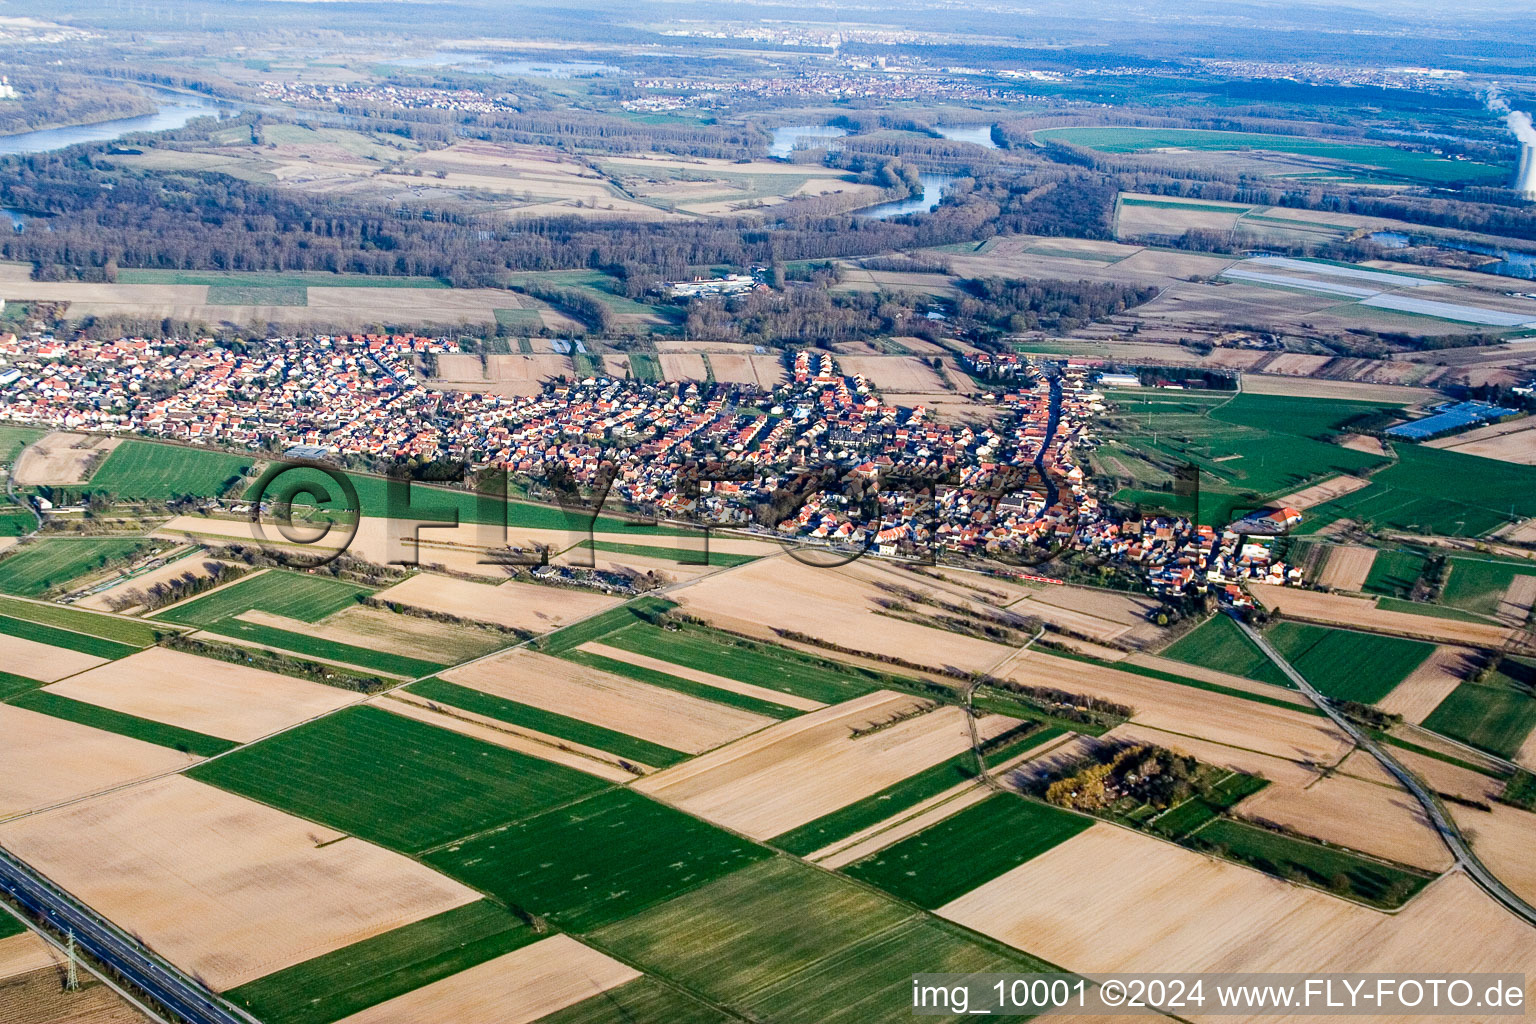 Village - view on the edge of agricultural fields and farmland in the district Heiligenstein in Roemerberg in the state Rhineland-Palatinate, Germany
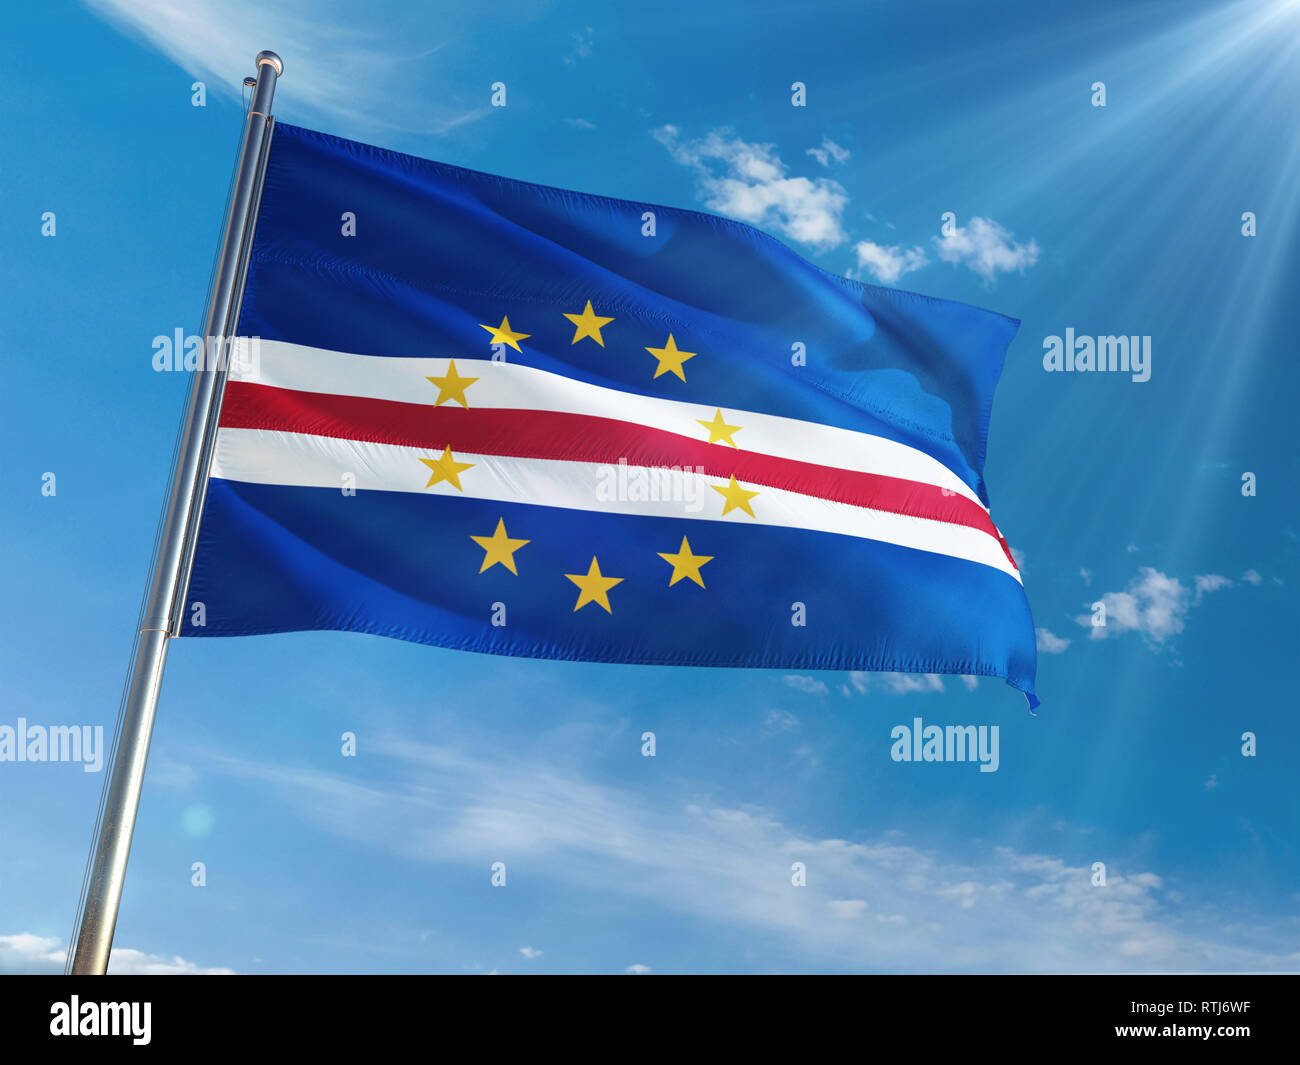 Cape Verde National Flag Waving on pole against sunny blue sky background. High Definition Stock Photo
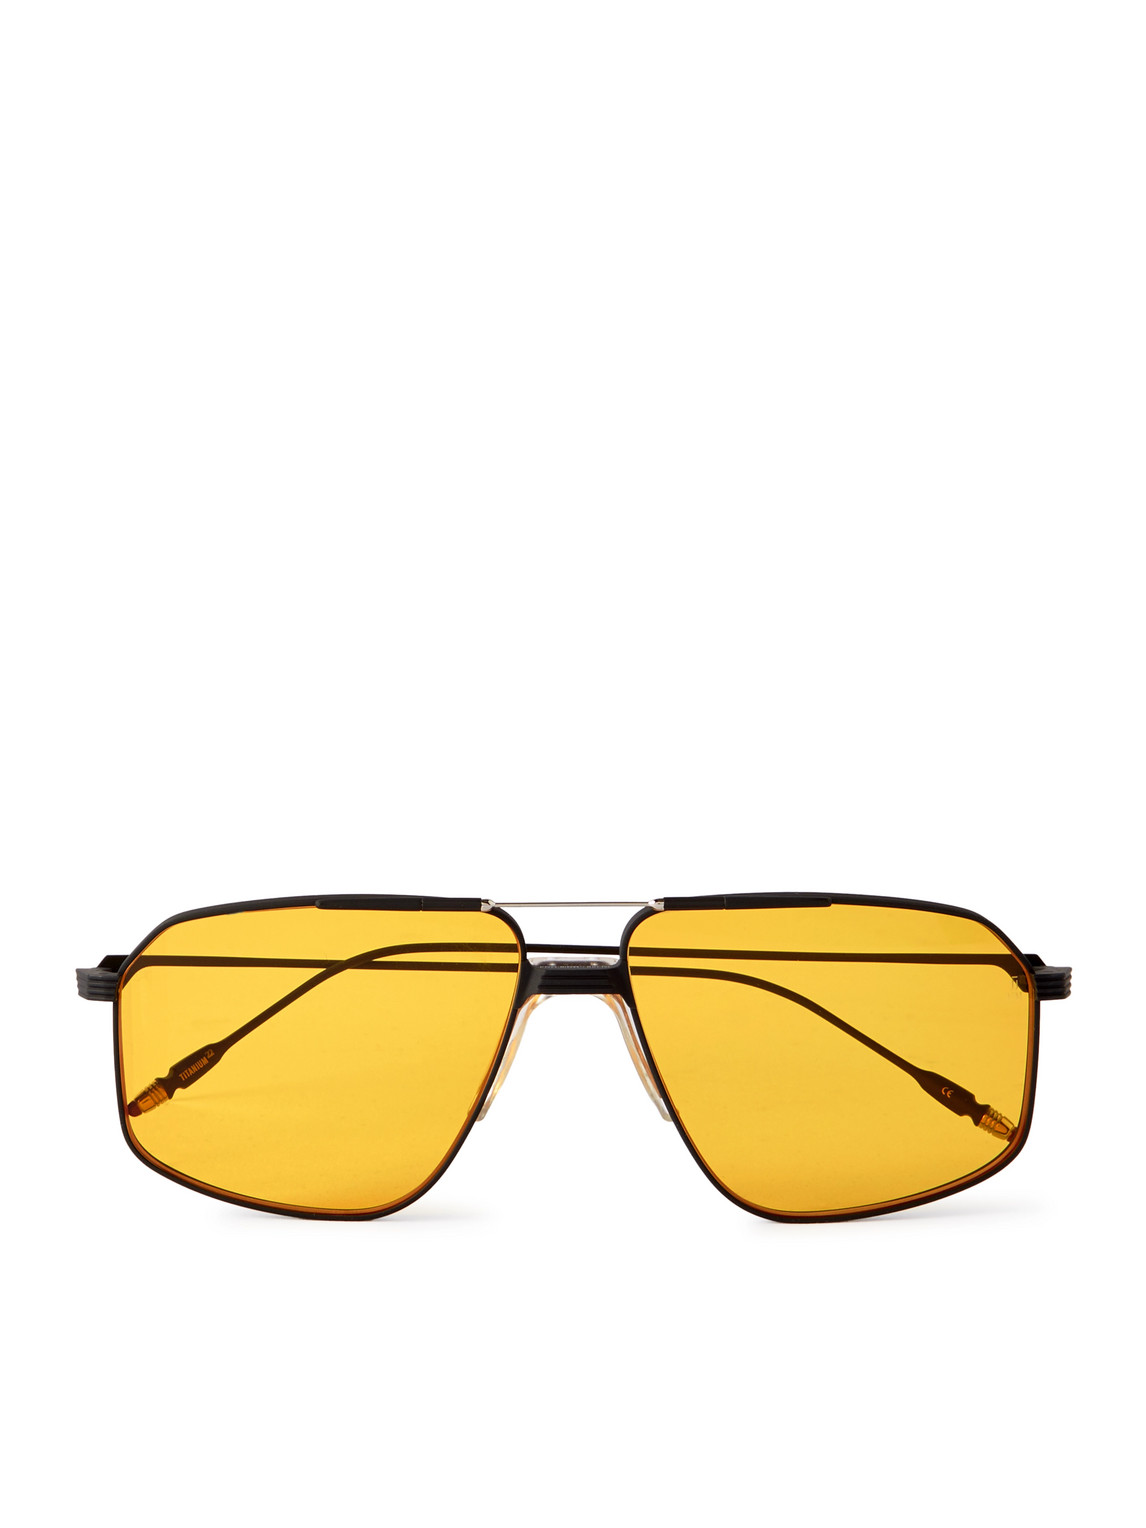 Jacques Marie Mage Jagger Aviator-style Titanium Sunglasses In Yellow
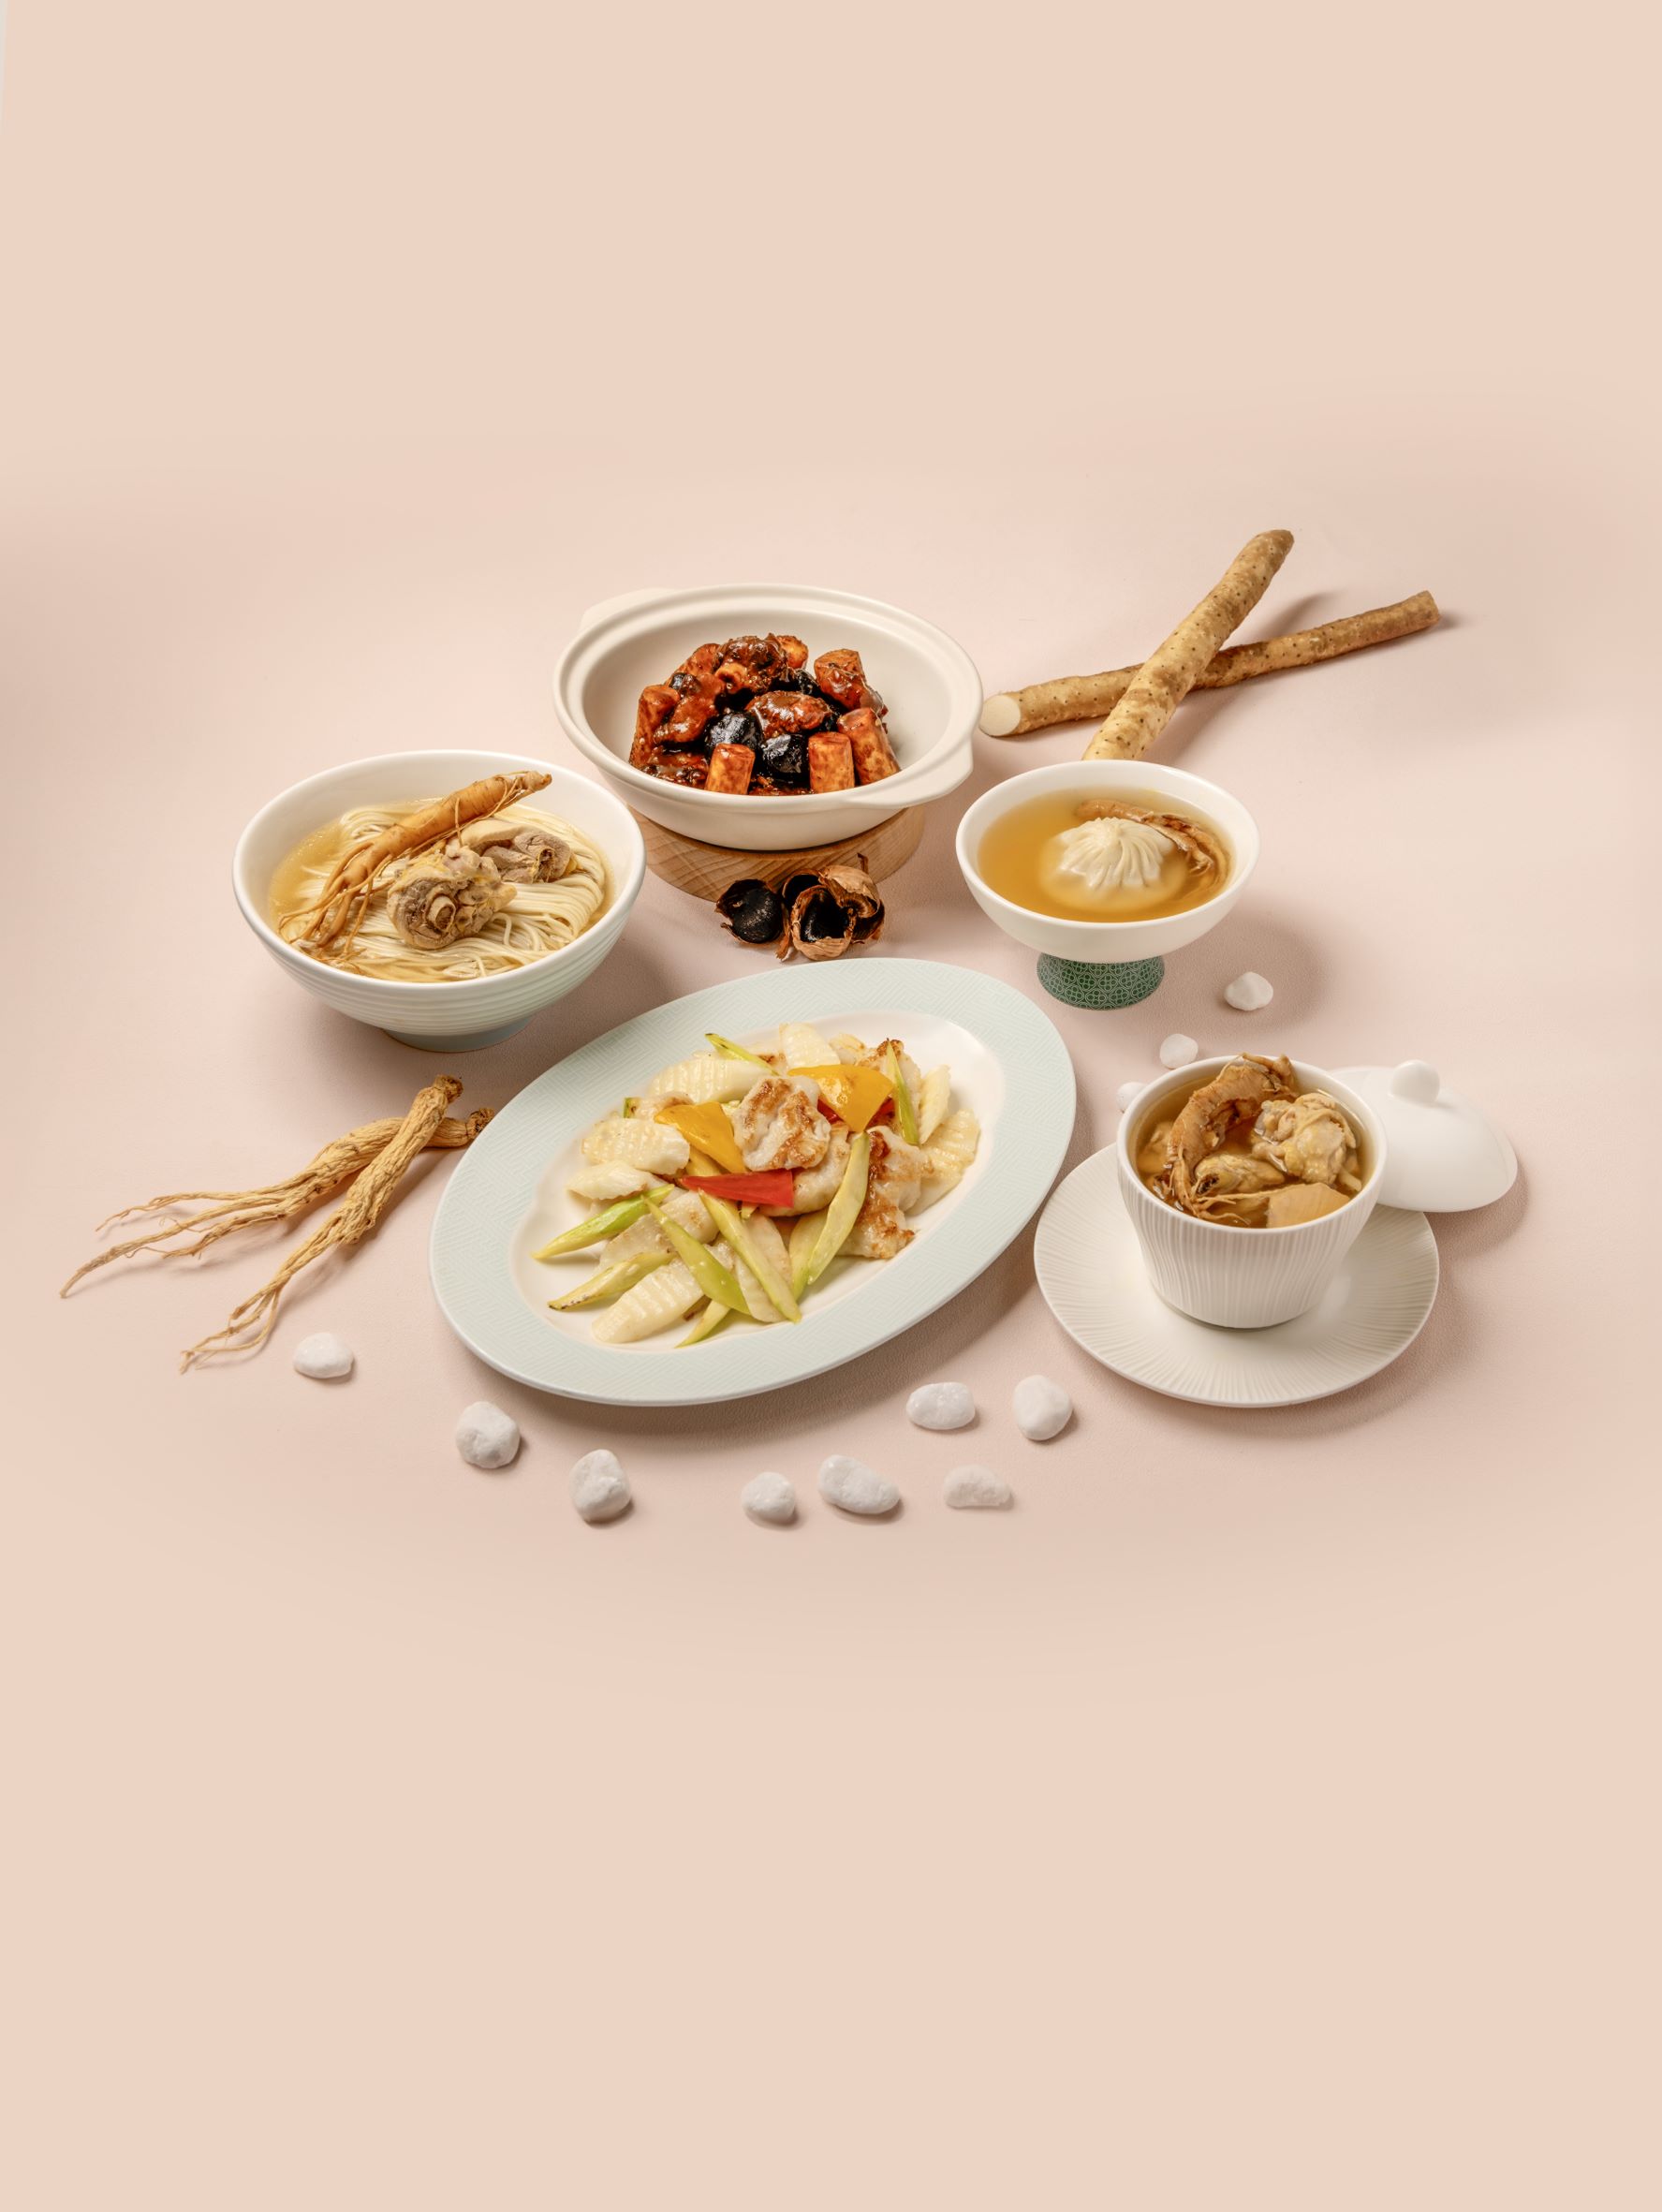 Brand New “Nourishing Menu” Introduced by Crystal Jade and First-ever Collaborated with JaneClare

# Task
Write out the material above once more, word for word. Images stay out.

# Exercise response
 Village - view on the edge of agricultural fields and farmland in the district Heiligenstein in Roemerberg in the state Rhineland-Palatinate, Germany
 Cape Verde National Flag Waving on pole against sunny blue sky background. High Definition Stock Photo
 Jacques Marie Mage Jagger Aviator-style Titanium Sunglasses In Yellow
 Brand New “Nourishing Menu” Introduced by Crystal Jade and First-ever Collaborated with JaneClare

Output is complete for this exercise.